▶ [TASK OBJECTIVE]
Reproduce each line below without any alteration.
[INPUT MATERIAL]
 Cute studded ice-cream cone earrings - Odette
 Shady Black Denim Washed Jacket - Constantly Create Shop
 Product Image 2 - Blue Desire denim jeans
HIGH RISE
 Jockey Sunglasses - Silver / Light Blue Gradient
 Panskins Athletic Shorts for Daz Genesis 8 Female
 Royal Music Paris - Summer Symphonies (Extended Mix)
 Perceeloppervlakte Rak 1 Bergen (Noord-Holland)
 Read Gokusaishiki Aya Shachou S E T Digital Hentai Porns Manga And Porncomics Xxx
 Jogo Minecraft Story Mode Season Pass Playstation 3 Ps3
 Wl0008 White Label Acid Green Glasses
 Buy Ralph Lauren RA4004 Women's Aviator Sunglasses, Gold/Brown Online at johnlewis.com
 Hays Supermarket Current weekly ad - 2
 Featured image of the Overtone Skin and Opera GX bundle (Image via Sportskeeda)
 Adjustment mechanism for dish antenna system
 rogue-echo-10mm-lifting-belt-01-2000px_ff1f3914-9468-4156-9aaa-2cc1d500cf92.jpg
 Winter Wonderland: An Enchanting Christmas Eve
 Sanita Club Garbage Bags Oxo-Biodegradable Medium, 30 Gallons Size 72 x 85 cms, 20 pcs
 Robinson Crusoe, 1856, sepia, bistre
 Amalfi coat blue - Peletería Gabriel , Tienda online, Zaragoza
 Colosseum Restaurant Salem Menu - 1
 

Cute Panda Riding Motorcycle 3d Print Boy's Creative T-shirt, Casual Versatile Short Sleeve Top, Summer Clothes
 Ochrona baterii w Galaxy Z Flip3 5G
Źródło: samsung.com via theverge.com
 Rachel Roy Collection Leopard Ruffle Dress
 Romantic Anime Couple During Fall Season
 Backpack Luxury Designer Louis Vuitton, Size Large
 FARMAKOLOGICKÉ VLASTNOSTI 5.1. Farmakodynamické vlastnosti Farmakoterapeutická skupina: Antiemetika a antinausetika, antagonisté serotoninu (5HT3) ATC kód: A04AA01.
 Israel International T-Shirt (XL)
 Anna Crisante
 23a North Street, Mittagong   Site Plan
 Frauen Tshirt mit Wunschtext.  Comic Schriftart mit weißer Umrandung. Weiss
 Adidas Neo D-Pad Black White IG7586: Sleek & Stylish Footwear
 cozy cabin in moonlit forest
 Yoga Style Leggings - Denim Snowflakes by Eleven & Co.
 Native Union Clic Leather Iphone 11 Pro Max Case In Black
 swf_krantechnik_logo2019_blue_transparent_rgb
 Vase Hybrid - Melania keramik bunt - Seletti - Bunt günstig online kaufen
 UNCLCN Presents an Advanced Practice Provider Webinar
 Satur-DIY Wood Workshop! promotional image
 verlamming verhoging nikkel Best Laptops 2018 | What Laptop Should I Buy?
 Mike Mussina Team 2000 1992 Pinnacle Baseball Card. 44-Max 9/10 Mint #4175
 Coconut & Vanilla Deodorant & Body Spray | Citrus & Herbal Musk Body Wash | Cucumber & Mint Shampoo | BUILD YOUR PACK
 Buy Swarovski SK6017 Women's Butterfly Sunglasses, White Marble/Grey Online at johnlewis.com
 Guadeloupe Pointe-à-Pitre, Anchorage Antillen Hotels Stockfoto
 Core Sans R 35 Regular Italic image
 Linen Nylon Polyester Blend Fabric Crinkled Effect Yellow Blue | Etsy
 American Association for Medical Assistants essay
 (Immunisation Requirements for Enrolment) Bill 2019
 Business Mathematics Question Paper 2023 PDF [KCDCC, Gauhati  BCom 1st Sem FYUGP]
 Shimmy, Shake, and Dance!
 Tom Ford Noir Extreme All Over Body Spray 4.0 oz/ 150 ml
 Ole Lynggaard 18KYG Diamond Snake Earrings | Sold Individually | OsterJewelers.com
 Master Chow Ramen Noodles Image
[/INPUT MATERIAL]
▶ [TASK OUTPUT]
 Cute studded ice-cream cone earrings - Odette
 Shady Black Denim Washed Jacket - Constantly Create Shop
 Product Image 2 - Blue Desire denim jeans
HIGH RISE
 Jockey Sunglasses - Silver / Light Blue Gradient
 Panskins Athletic Shorts for Daz Genesis 8 Female
 Royal Music Paris - Summer Symphonies (Extended Mix)
 Perceeloppervlakte Rak 1 Bergen (Noord-Holland)
 Read Gokusaishiki Aya Shachou S E T Digital Hentai Porns Manga And Porncomics Xxx
 Jogo Minecraft Story Mode Season Pass Playstation 3 Ps3
 Wl0008 White Label Acid Green Glasses
 Buy Ralph Lauren RA4004 Women's Aviator Sunglasses, Gold/Brown Online at johnlewis.com
 Hays Supermarket Current weekly ad - 2
 Featured image of the Overtone Skin and Opera GX bundle (Image via Sportskeeda)
 Adjustment mechanism for dish antenna system
 rogue-echo-10mm-lifting-belt-01-2000px_ff1f3914-9468-4156-9aaa-2cc1d500cf92.jpg
 Winter Wonderland: An Enchanting Christmas Eve
 Sanita Club Garbage Bags Oxo-Biodegradable Medium, 30 Gallons Size 72 x 85 cms, 20 pcs
 Robinson Crusoe, 1856, sepia, bistre
 Amalfi coat blue - Peletería Gabriel , Tienda online, Zaragoza
 Colosseum Restaurant Salem Menu - 1
 

Cute Panda Riding Motorcycle 3d Print Boy's Creative T-shirt, Casual Versatile Short Sleeve Top, Summer Clothes
 Ochrona baterii w Galaxy Z Flip3 5G
Źródło: samsung.com via theverge.com
 Rachel Roy Collection Leopard Ruffle Dress
 Romantic Anime Couple During Fall Season
 Backpack Luxury Designer Louis Vuitton, Size Large
 FARMAKOLOGICKÉ VLASTNOSTI 5.1. Farmakodynamické vlastnosti Farmakoterapeutická skupina: Antiemetika a antinausetika, antagonisté serotoninu (5HT3) ATC kód: A04AA01.
 Israel International T-Shirt (XL)
 Anna Crisante
 23a North Street, Mittagong   Site Plan
 Frauen Tshirt mit Wunschtext.  Comic Schriftart mit weißer Umrandung. Weiss
 Adidas Neo D-Pad Black White IG7586: Sleek & Stylish Footwear
 cozy cabin in moonlit forest
 Yoga Style Leggings - Denim Snowflakes by Eleven & Co.
 Native Union Clic Leather Iphone 11 Pro Max Case In Black
 swf_krantechnik_logo2019_blue_transparent_rgb
 Vase Hybrid - Melania keramik bunt - Seletti - Bunt günstig online kaufen
 UNCLCN Presents an Advanced Practice Provider Webinar
 Satur-DIY Wood Workshop! promotional image
 verlamming verhoging nikkel Best Laptops 2018 | What Laptop Should I Buy?
 Mike Mussina Team 2000 1992 Pinnacle Baseball Card. 44-Max 9/10 Mint #4175
 Coconut & Vanilla Deodorant & Body Spray | Citrus & Herbal Musk Body Wash | Cucumber & Mint Shampoo | BUILD YOUR PACK
 Buy Swarovski SK6017 Women's Butterfly Sunglasses, White Marble/Grey Online at johnlewis.com
 Guadeloupe Pointe-à-Pitre, Anchorage Antillen Hotels Stockfoto
 Core Sans R 35 Regular Italic image
 Linen Nylon Polyester Blend Fabric Crinkled Effect Yellow Blue | Etsy
 American Association for Medical Assistants essay
 (Immunisation Requirements for Enrolment) Bill 2019
 Business Mathematics Question Paper 2023 PDF [KCDCC, Gauhati  BCom 1st Sem FYUGP]
 Shimmy, Shake, and Dance!
 Tom Ford Noir Extreme All Over Body Spray 4.0 oz/ 150 ml
 Ole Lynggaard 18KYG Diamond Snake Earrings | Sold Individually | OsterJewelers.com
 Master Chow Ramen Noodles Image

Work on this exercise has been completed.